Vendor benchmark (2026 verified). Gong $1,600/seat/yr (best Q1). Chorus.ai $1,200/seat/yr (better CRM sync, weaker tagging). Atrium atriumhq.com $89/seat/mo (best Q2 — cohort matching built-in). Salesloft Rhythm $165/seat/mo (weakest Q3). Clari Copilot $1,800/seat/yr (strongest Q4 longitudinal tracking).
90-day implementation playbook.
- *Days 0–7:* Pre-register hypothesis. Pick ONE behavior per Quadrant. Build matched cohort with revops.
- *Days 7–30:* Weekly Gong call-review. Tier 1 leading targets: discovery questions +150% off baseline, MEDDIC completion 22%→78%, call-prep doc 40%→90%.
- *Days 30–60:* Stage-3 deployment tracking begins.
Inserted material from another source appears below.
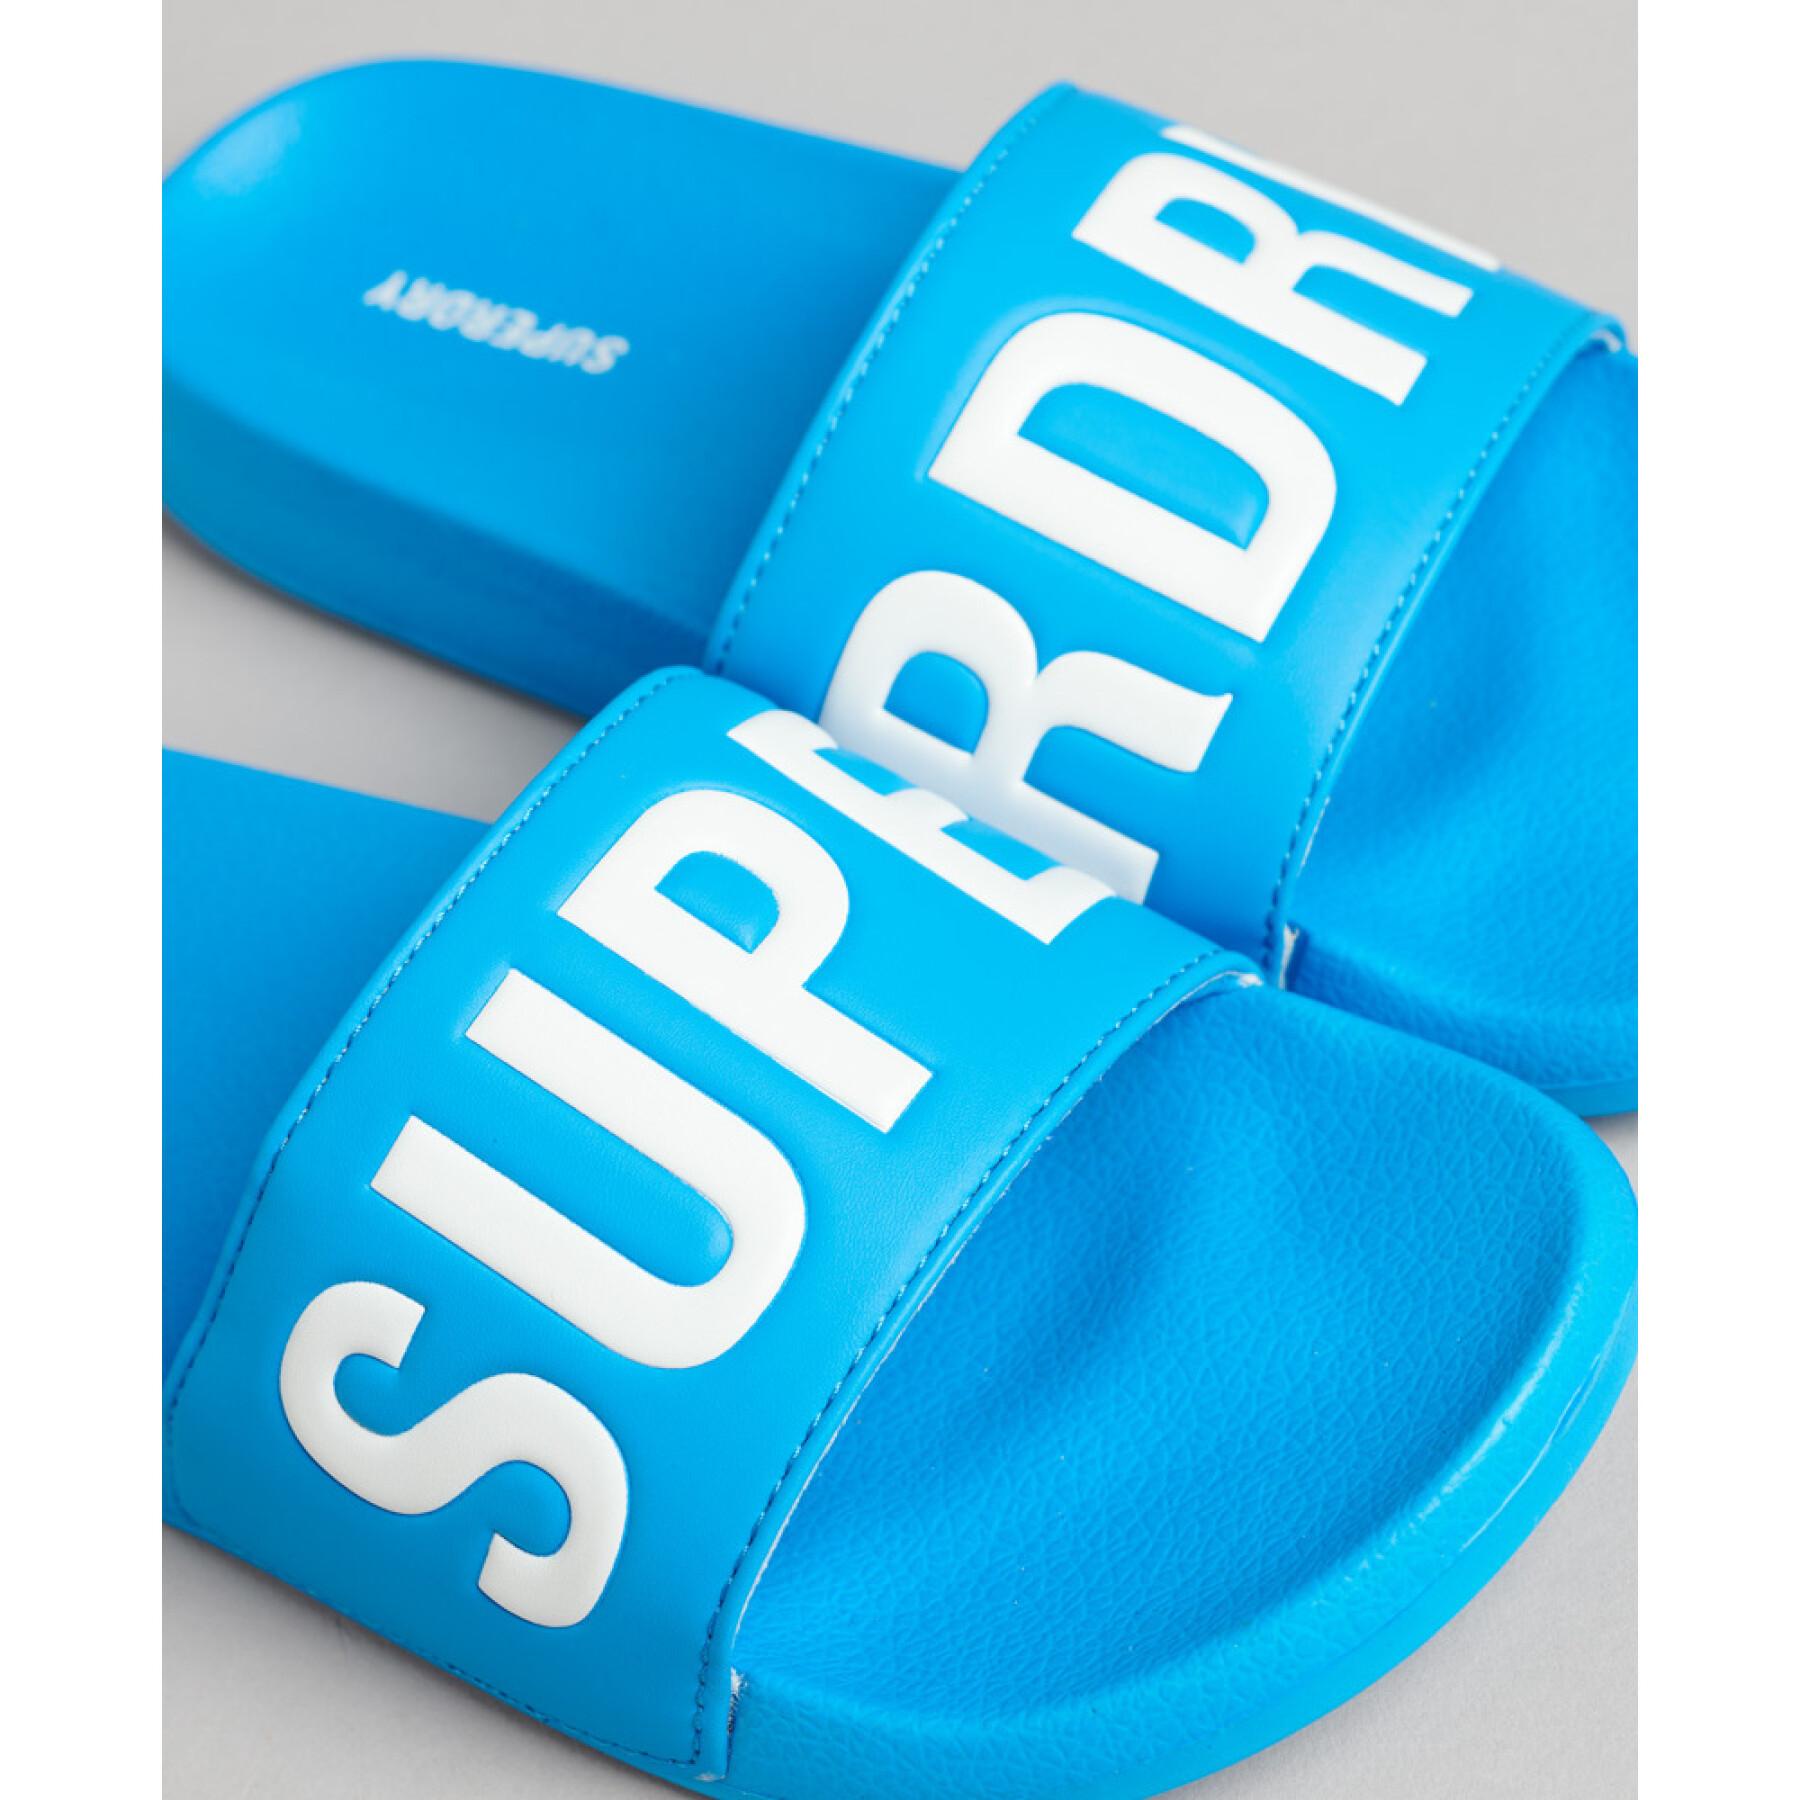 Women's pool slippers Superdry Core

Manager 1:1 notes in CRM (free, brutally underused — see /knowledge/q03).
- *Days 60–90:* Tier 2 lagging: stage-2-to-3 conversion +12 pts, cycle -18 days, discount -4 pts.
- *Days 90–180:* Durability stress tests. Manager rotation simulation. Comp-plan shock test. Hawthorne control: blind audit week.
Bear Case — five named, quantified failures (one per failure mode).
*Failure 1 — Premature termination (Outreach 2024, ~$410M ARR).* Killed program day 45 after 4-point win-rate dip. Bridge Group's negative-then-positive curve predicted day-90 recovery. Estimated $18M in 2025 expansion bookings lost to under-coached reps.
Reinstated Q3 2025 after CRO turnover. See /knowledge/q47.
*Failure 2 — Manager NPS trap (Salesloft 2023).* Measured how reps *felt* about coaching, not what they *did*. Manager NPS 32→61. Pipeline coverage flat. Classic Goodhart's Law: /knowledge/q142.
*Failure 3 — Activity-vs-outcome confusion (mid-market SaaS, Gartner 2025).* Tracked coaching session count against 4-per-rep-per-month target. 102% target attainment. Discovery questions 1.8→1.9 (noise). $2.1M spent, zero behavior delta. /knowledge/q08.
*Failure 4 — Selection bias (Forrester 2024 case).* Reported 31% revenue lift from coached reps. Matched-pairs re-analysis: actual lift 4%, indistinguishable from noise. Managers coached their best reps. /knowledge/q201.
*Failure 5 — Hawthorne effect (anonymous F500, 2025).* Behaviors moved 40% during the 6-week study window *with observers present*. Six weeks post-study: regression to baseline within 14 days. The coaching wasn't working — the *observation* was. See /knowledge/q156 on observer effects.
Verified numbers. 60% of studies statistically meaningless: HBR 2024, n=43. 72% durability failure rate: SMA 2025, n=1,103. 41% stage-2 revert rate: RAIN 2024, n=287. 28% durability baseline: Gong 2024, n=519k. r=0.71 stage-3-to-revenue, r=0.09 role-play-to-revenue: SMA 2025. 60/90-day ROI inflection: Bridge Group 2024, n=412.
True coaching lift 4–7% (vs claimed 23–31%): Pulse Attribution Equation applied to Bridge Group dataset.
One-line answer. Coaching is working only when matched-cohort behavior deltas show Cohen's d>0.5 across all four quadrants — Behavior Specificity, Counterfactual Identification, Stage-3 Deployment, Durability Stress Test — with pre-registered hypotheses and Hawthorne controls.
Anything less is selection bias, Goodhart's Law, or premature termination dressed up as ROI.